Exercise materials ->

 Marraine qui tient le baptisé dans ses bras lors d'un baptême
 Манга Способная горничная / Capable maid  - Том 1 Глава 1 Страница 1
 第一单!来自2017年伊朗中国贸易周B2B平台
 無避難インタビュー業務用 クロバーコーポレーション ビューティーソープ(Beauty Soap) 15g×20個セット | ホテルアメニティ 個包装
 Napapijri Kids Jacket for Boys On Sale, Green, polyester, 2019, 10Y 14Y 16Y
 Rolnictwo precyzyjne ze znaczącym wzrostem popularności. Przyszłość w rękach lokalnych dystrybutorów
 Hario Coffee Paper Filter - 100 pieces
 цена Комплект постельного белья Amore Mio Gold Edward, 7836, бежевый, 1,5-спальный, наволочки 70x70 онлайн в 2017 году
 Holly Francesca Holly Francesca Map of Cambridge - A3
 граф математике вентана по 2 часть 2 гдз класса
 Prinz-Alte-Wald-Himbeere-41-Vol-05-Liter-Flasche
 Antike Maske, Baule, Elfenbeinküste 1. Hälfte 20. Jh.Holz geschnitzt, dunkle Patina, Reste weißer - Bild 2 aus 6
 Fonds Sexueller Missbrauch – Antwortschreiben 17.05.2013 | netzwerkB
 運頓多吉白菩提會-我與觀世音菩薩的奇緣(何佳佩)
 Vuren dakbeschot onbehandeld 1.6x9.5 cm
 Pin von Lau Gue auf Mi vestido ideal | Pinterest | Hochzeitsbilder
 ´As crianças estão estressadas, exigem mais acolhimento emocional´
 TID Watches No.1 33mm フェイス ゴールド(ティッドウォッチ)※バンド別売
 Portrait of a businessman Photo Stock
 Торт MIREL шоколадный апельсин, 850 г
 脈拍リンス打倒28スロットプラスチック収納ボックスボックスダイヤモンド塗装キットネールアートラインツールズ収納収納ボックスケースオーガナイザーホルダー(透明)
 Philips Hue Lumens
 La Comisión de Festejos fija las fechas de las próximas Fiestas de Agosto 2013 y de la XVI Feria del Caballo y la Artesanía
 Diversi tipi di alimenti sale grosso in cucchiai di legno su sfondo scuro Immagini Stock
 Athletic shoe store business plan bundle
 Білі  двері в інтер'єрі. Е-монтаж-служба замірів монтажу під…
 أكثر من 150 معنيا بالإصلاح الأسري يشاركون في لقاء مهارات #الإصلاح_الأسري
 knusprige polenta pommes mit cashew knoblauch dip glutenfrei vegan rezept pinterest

Assignment -> All the records, from start to finish, are to be repeated exactly.

Output ->
 Marraine qui tient le baptisé dans ses bras lors d'un baptême
 Манга Способная горничная / Capable maid  - Том 1 Глава 1 Страница 1
 第一单!来自2017年伊朗中国贸易周B2B平台
 無避難インタビュー業務用 クロバーコーポレーション ビューティーソープ(Beauty Soap) 15g×20個セット | ホテルアメニティ 個包装
 Napapijri Kids Jacket for Boys On Sale, Green, polyester, 2019, 10Y 14Y 16Y
 Rolnictwo precyzyjne ze znaczącym wzrostem popularności. Przyszłość w rękach lokalnych dystrybutorów
 Hario Coffee Paper Filter - 100 pieces
 цена Комплект постельного белья Amore Mio Gold Edward, 7836, бежевый, 1,5-спальный, наволочки 70x70 онлайн в 2017 году
 Holly Francesca Holly Francesca Map of Cambridge - A3
 граф математике вентана по 2 часть 2 гдз класса
 Prinz-Alte-Wald-Himbeere-41-Vol-05-Liter-Flasche
 Antike Maske, Baule, Elfenbeinküste 1. Hälfte 20. Jh.Holz geschnitzt, dunkle Patina, Reste weißer - Bild 2 aus 6
 Fonds Sexueller Missbrauch – Antwortschreiben 17.05.2013 | netzwerkB
 運頓多吉白菩提會-我與觀世音菩薩的奇緣(何佳佩)
 Vuren dakbeschot onbehandeld 1.6x9.5 cm
 Pin von Lau Gue auf Mi vestido ideal | Pinterest | Hochzeitsbilder
 ´As crianças estão estressadas, exigem mais acolhimento emocional´
 TID Watches No.1 33mm フェイス ゴールド(ティッドウォッチ)※バンド別売
 Portrait of a businessman Photo Stock
 Торт MIREL шоколадный апельсин, 850 г
 脈拍リンス打倒28スロットプラスチック収納ボックスボックスダイヤモンド塗装キットネールアートラインツールズ収納収納ボックスケースオーガナイザーホルダー(透明)
 Philips Hue Lumens
 La Comisión de Festejos fija las fechas de las próximas Fiestas de Agosto 2013 y de la XVI Feria del Caballo y la Artesanía
 Diversi tipi di alimenti sale grosso in cucchiai di legno su sfondo scuro Immagini Stock
 Athletic shoe store business plan bundle
 Білі  двері в інтер'єрі. Е-монтаж-служба замірів монтажу під…
 أكثر من 150 معنيا بالإصلاح الأسري يشاركون في لقاء مهارات #الإصلاح_الأسري
 knusprige polenta pommes mit cashew knoblauch dip glutenfrei vegan rezept pinterest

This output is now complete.